黎颢不是典型的深度换脸用户。他不会潜伏在Reddit上发布假色情片,也不会把一些著名电影改成由尼古拉斯.凯奇主演。在他的职业生涯中,他一直在开发尖端技术来更容易、更令人信服地伪造人脸。他还在现代大片中篡改了一些世界上最著名的面孔,让数百万人相信一个其实不存在的微笑或眨眼。某天下午他在洛杉矶的办公室里用Skype聊天,不经意间提到威尔·史密斯最近来过这里看一部他正在拍的电影。
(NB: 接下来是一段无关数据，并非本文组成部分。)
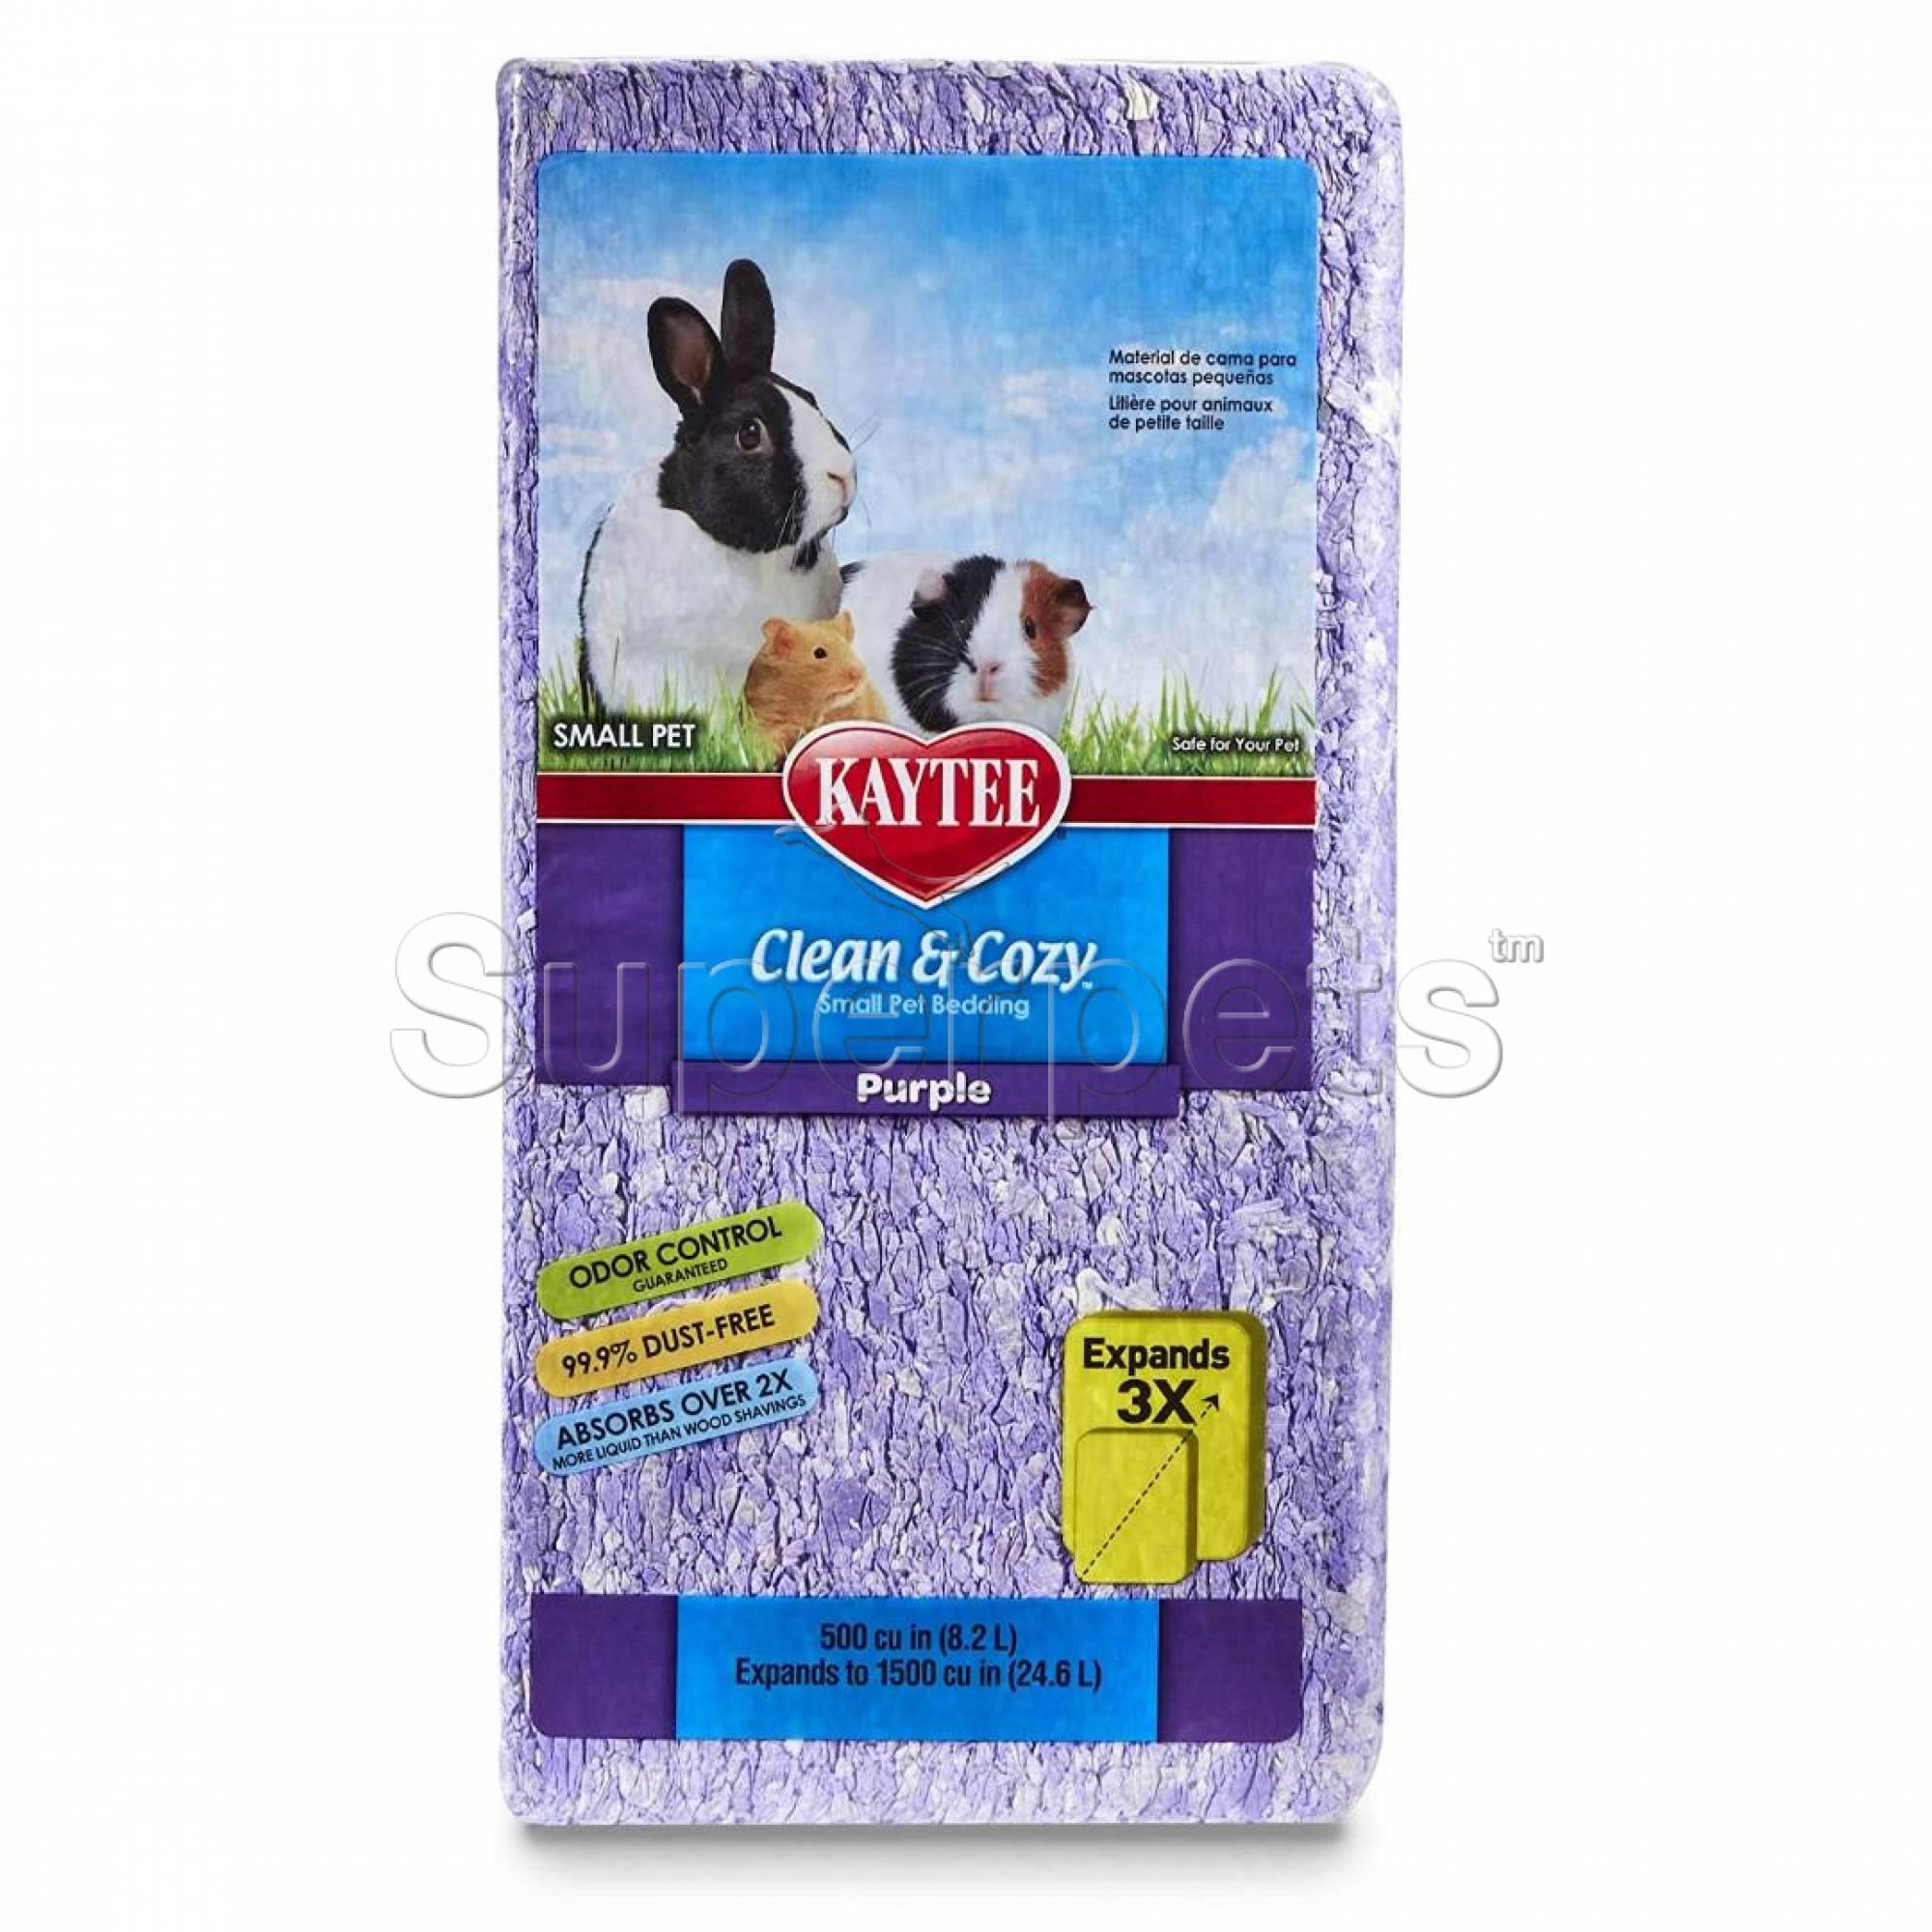 Kaytee Clean & Cozy - Purple Bedding 24.6L (1500cu)

演员们经常到黎颢在南加州大学的实验室对自己的样子进行数码扫描。他们被安排在一个球形阵列的灯光和机器视觉摄像机前,以此捕捉他们的面部形状、面部表情、肤色和纹理,精确至单个毛孔的级别。制作电影的特效团队可以处理已经拍摄好的场景,甚至可以在后期制作中为新场景添加一个演员。

这种数字骗局如今在大预算电影中很普遍。背景通常以数字方式呈现,动作场景中将演员的脸贴在特技演员身上也是很常见的。这为电影观众带来了令人惊叹的时刻,像是年轻的莱娅公主在《星球大战外传:侠盗一号》的结尾短暂现身时,尽管扮演莱娅的女演员凯莉.费雪在电影拍摄时已年近60。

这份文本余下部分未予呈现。